- _Activity_: Beginning with the line below that contains "General Motors Bel Air - 50th Anniversary" and ending with the line that contains "barnehage - og skolekapasitet i Asker kommune 2016-2028 tas", retype every line exactly. Pictures are not copied.

- _Record set_:

----------

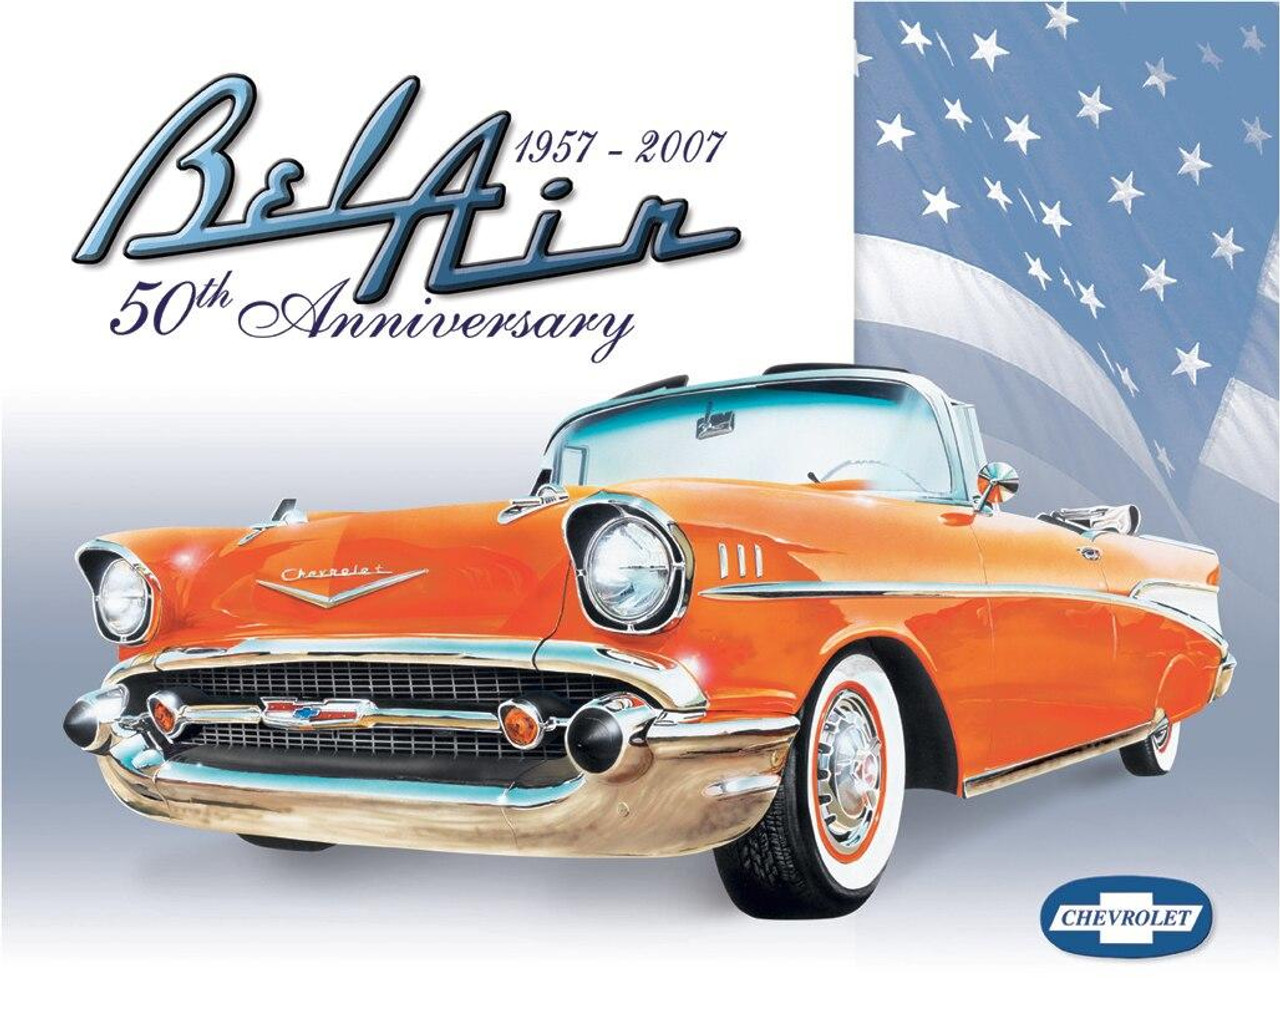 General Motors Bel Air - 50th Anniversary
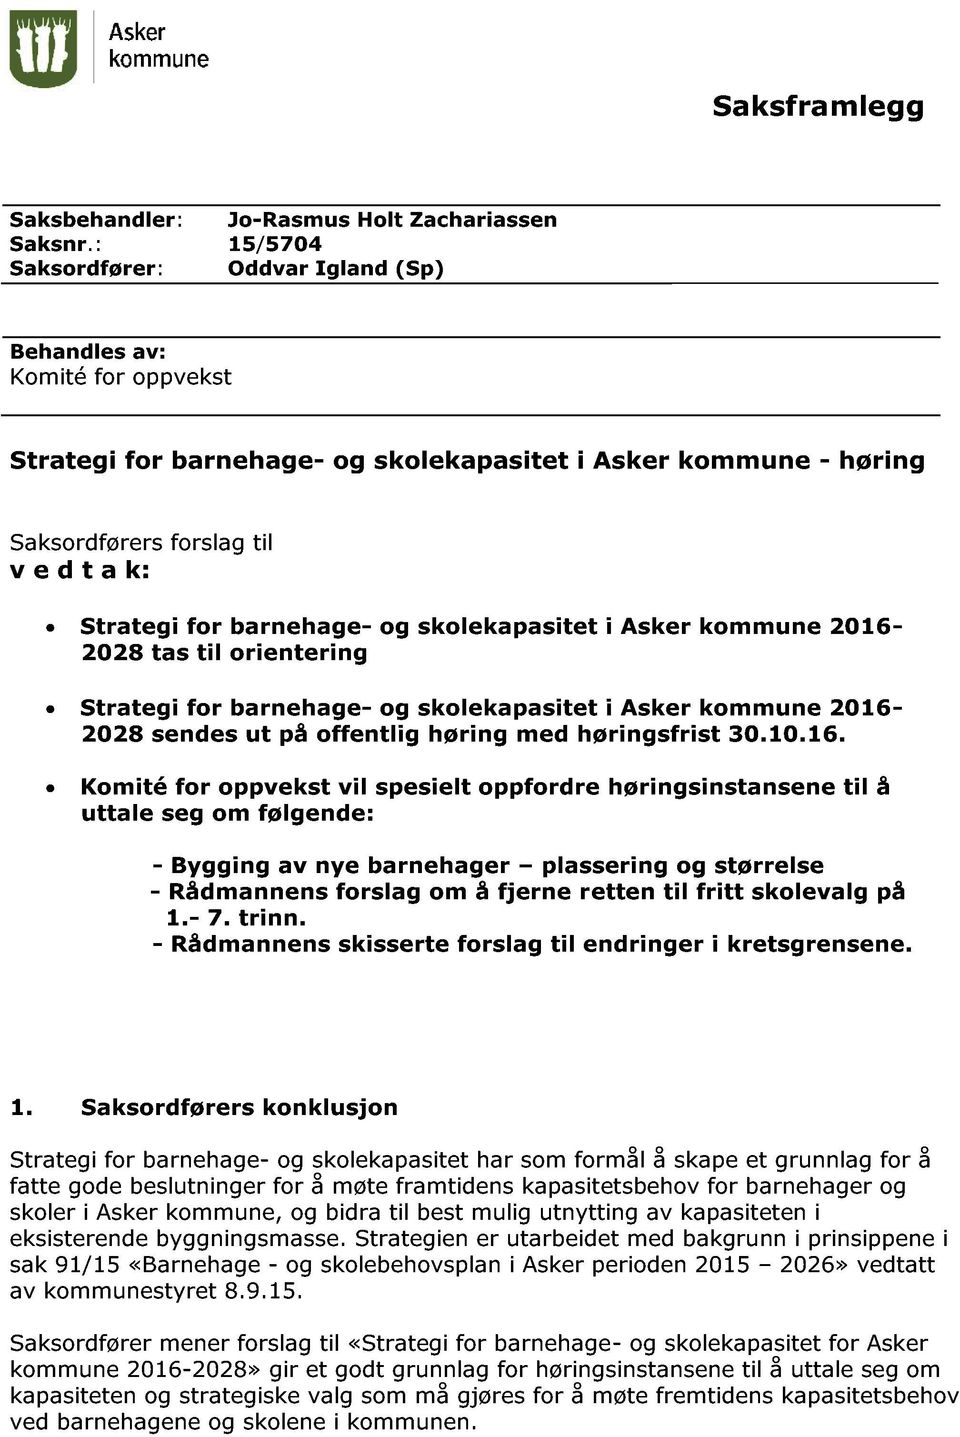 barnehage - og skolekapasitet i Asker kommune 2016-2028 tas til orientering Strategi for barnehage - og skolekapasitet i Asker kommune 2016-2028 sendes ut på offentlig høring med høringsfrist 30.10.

----------

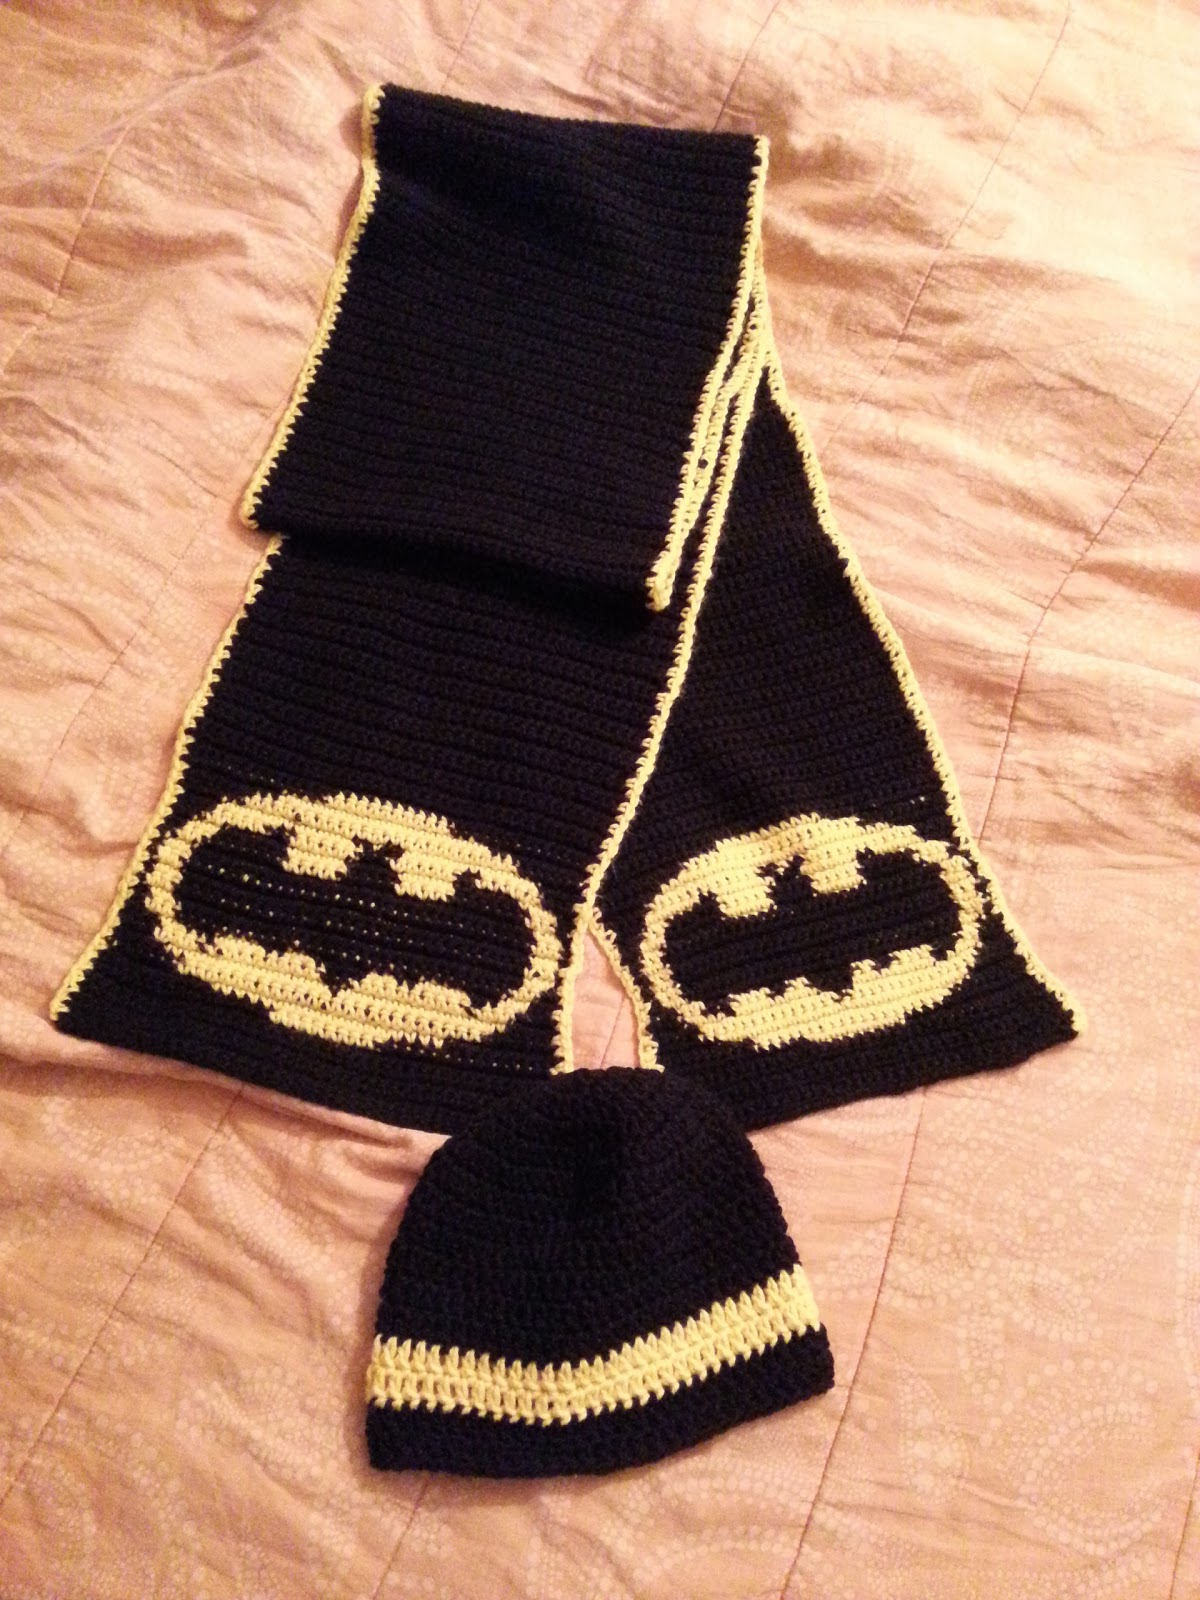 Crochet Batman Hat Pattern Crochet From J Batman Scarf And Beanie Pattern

----------

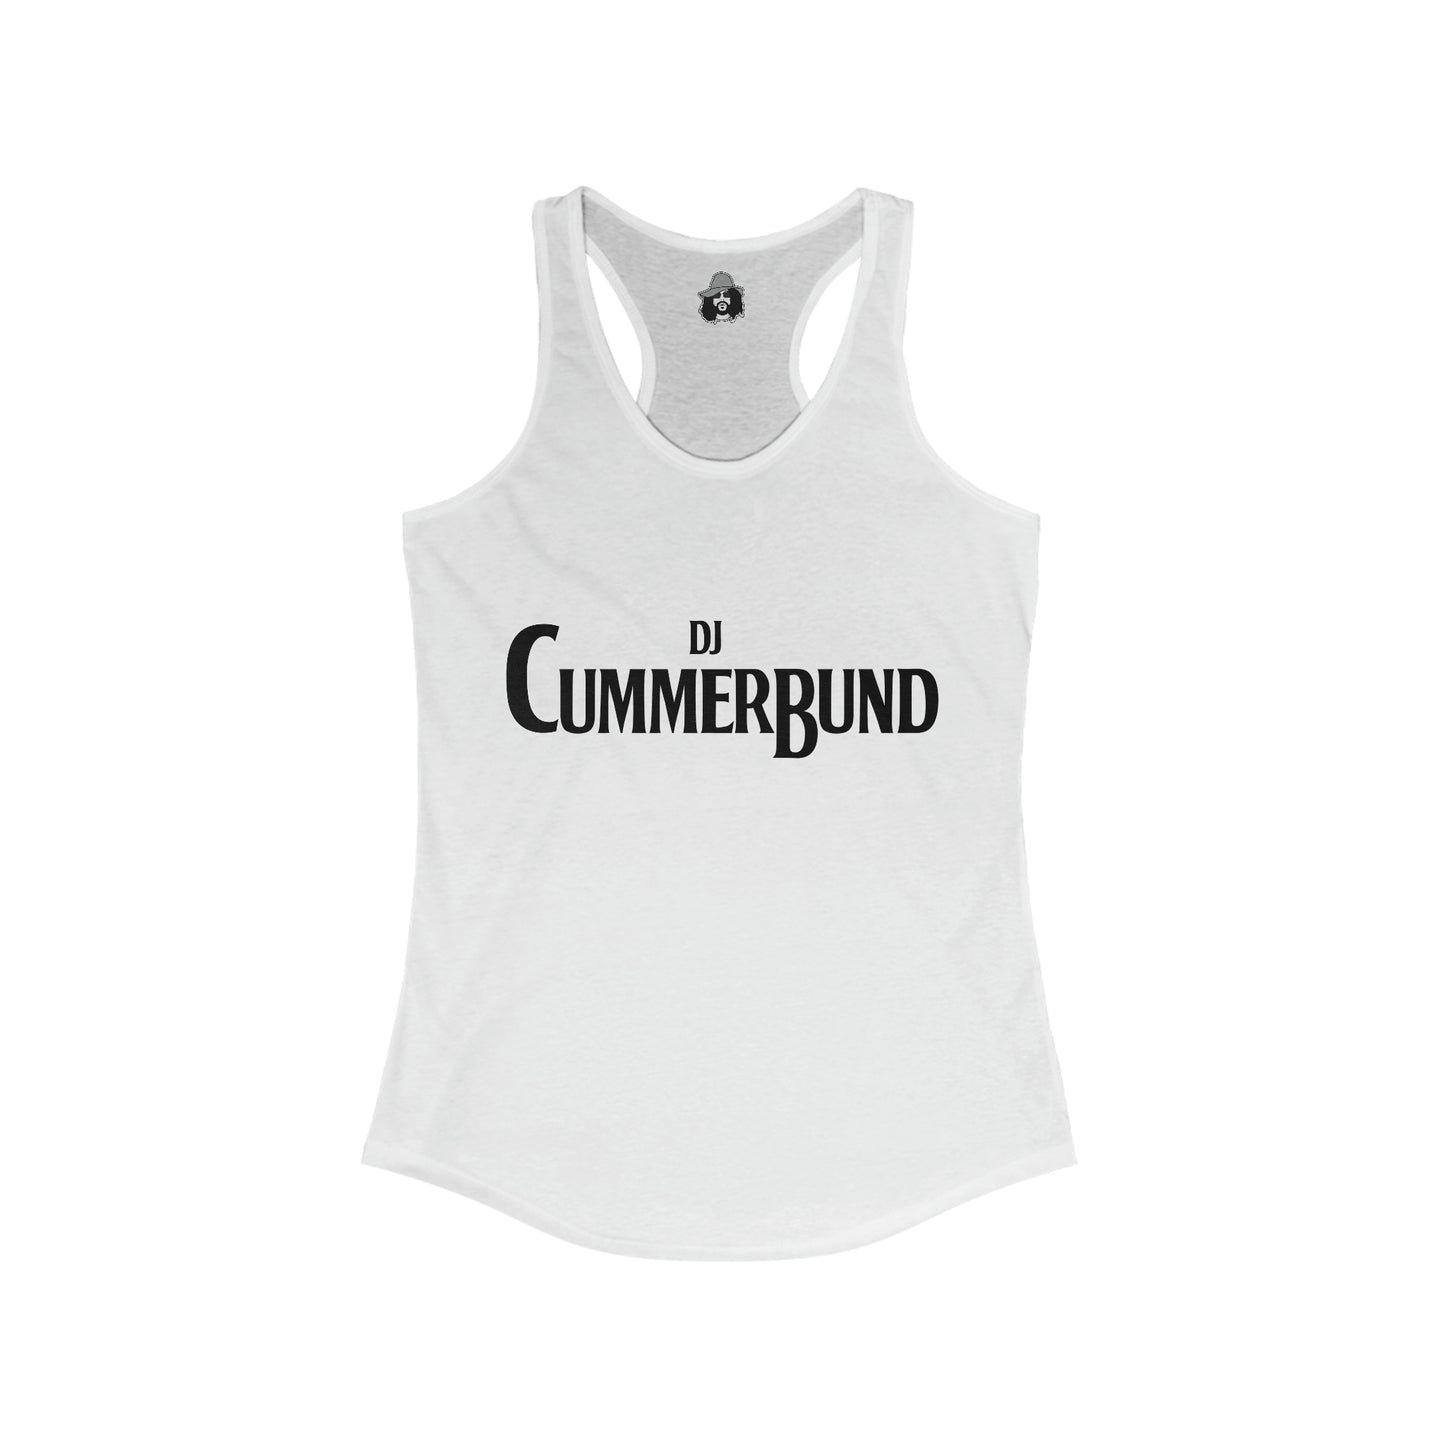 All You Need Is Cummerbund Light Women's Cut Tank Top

----------

- _Task solution_:
 General Motors Bel Air - 50th Anniversary
 barnehage - og skolekapasitet i Asker kommune 2016-2028 tas til orientering Strategi for barnehage - og skolekapasitet i Asker kommune 2016-2028 sendes ut på offentlig høring med høringsfrist 30.10.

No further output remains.